Deadline Extensions Without Reclassification:
Banks can now extend the Commercial Operation Date (COD) by up to:
3 years for infrastructure projects
2 years for non-infrastructure projects
without classifying them as restructured or stressed assets.
Effective Date:
These revised norms will be applicable from October 1, 2025 and will not impact projects sanctioned prior to this date.
Market Response:
Following the announcement, shares of key project financiers like REC and PFC surged by up to 4%, reflecting positive market sentiment.
🗣️ RBI’s Rationale
The central bank said the changes were made to "align provisioning practices with actual risk" while continuing to ensure prudential lending standards. The move is expected to bolster long-term project funding without inflating banks’ capital burden.

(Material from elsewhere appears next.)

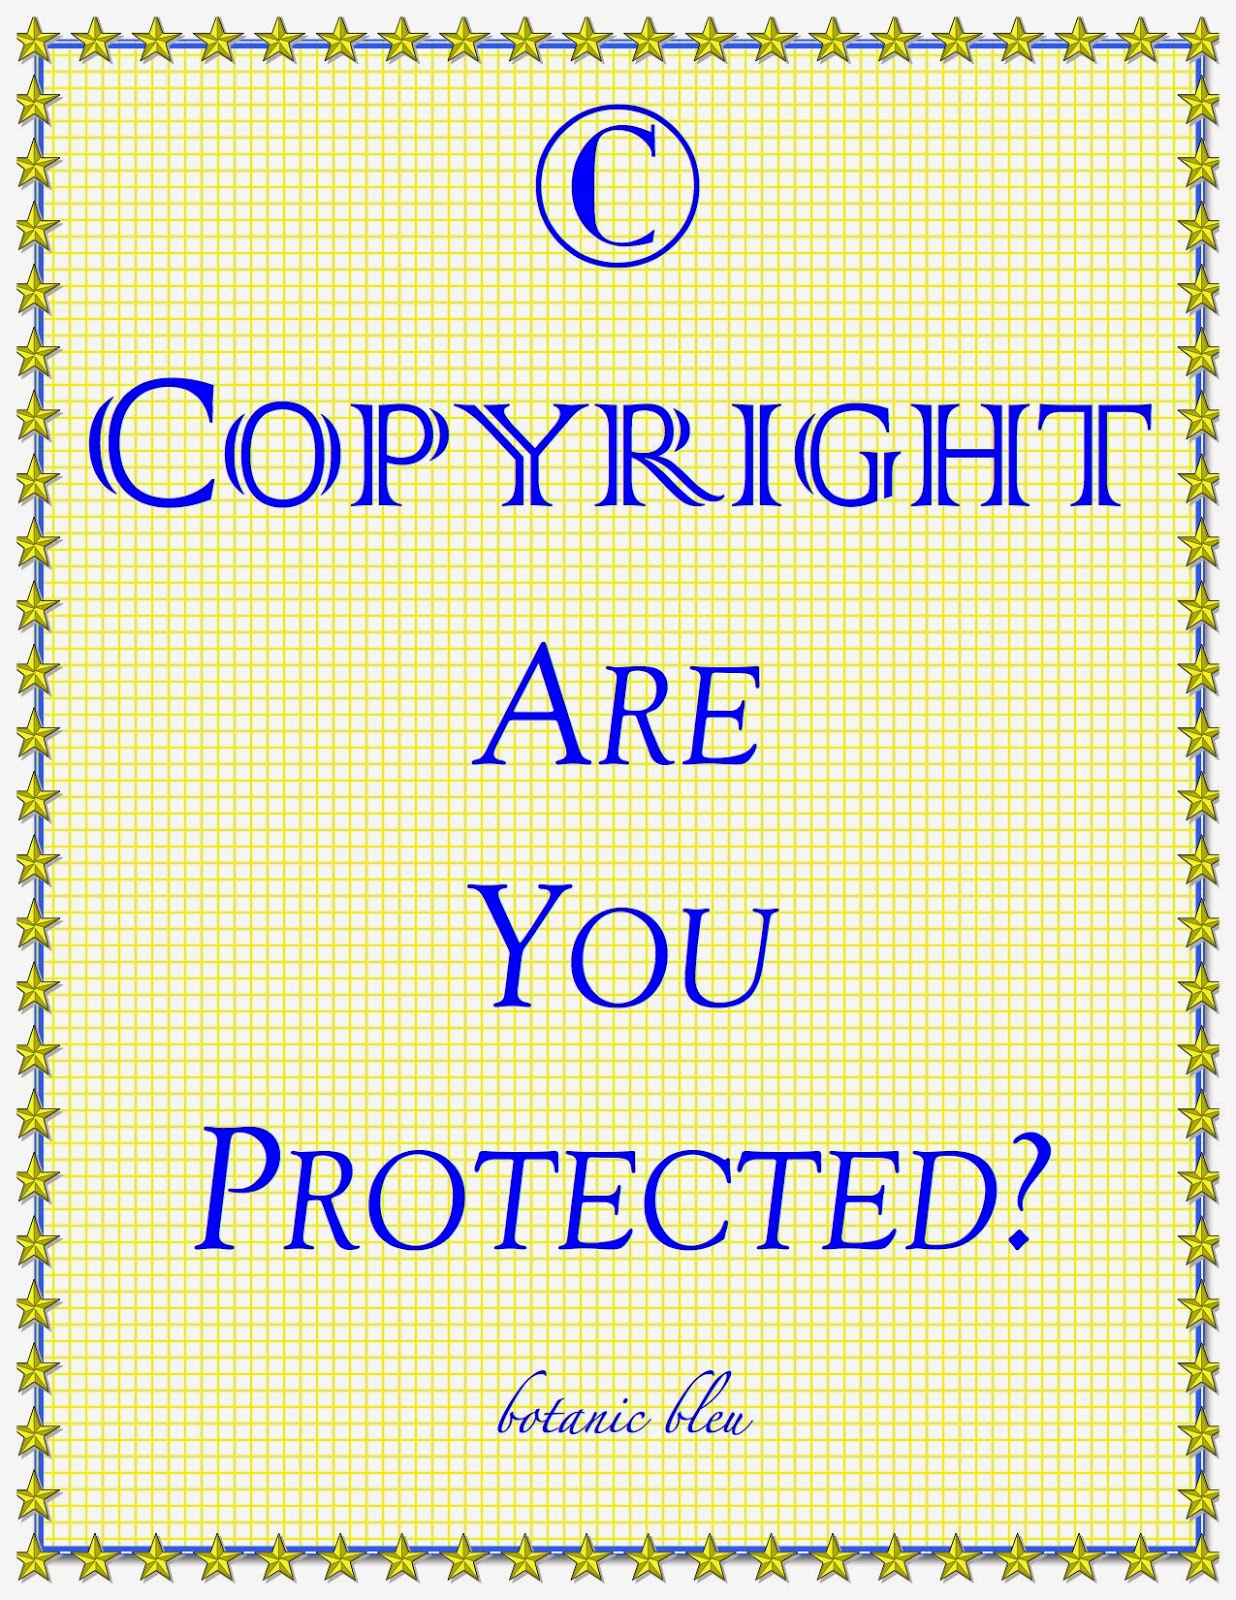 copyright-information-protect-your-work

“This policy is part of RBI's broader efforts to support infrastructure growth and ensure smoother implementation of large-scale projects,” said experts from the banking industry.
✅ Frequently Asked Questions (FAQs)
Q1. What are the new RBI norms for project loan provisioning?
RBI has reduced the standard provisioning requirement to 1% for infrastructure projects and 1.25% for commercial real estate (CRE) loans, effective October 1, 2025.
Q2. Who will benefit from these relaxed norms?
Banks, NBFCs, and project financiers such as REC and PFC stand to benefit through lower capital requirements and improved liquidity.
Q3. Are the new norms applicable to old or ongoing projects?
No. The revised norms will only apply to new loans sanctioned on or after October 1, 2025. Ongoing projects will continue under the existing rules.
Q4. Has the RBI allowed deadline extensions for delayed projects?
Yes. RBI now allows deadline extensions of up to 3 years for infrastructure projects and 2 years for non-infrastructure projects without classifying them as restructured assets.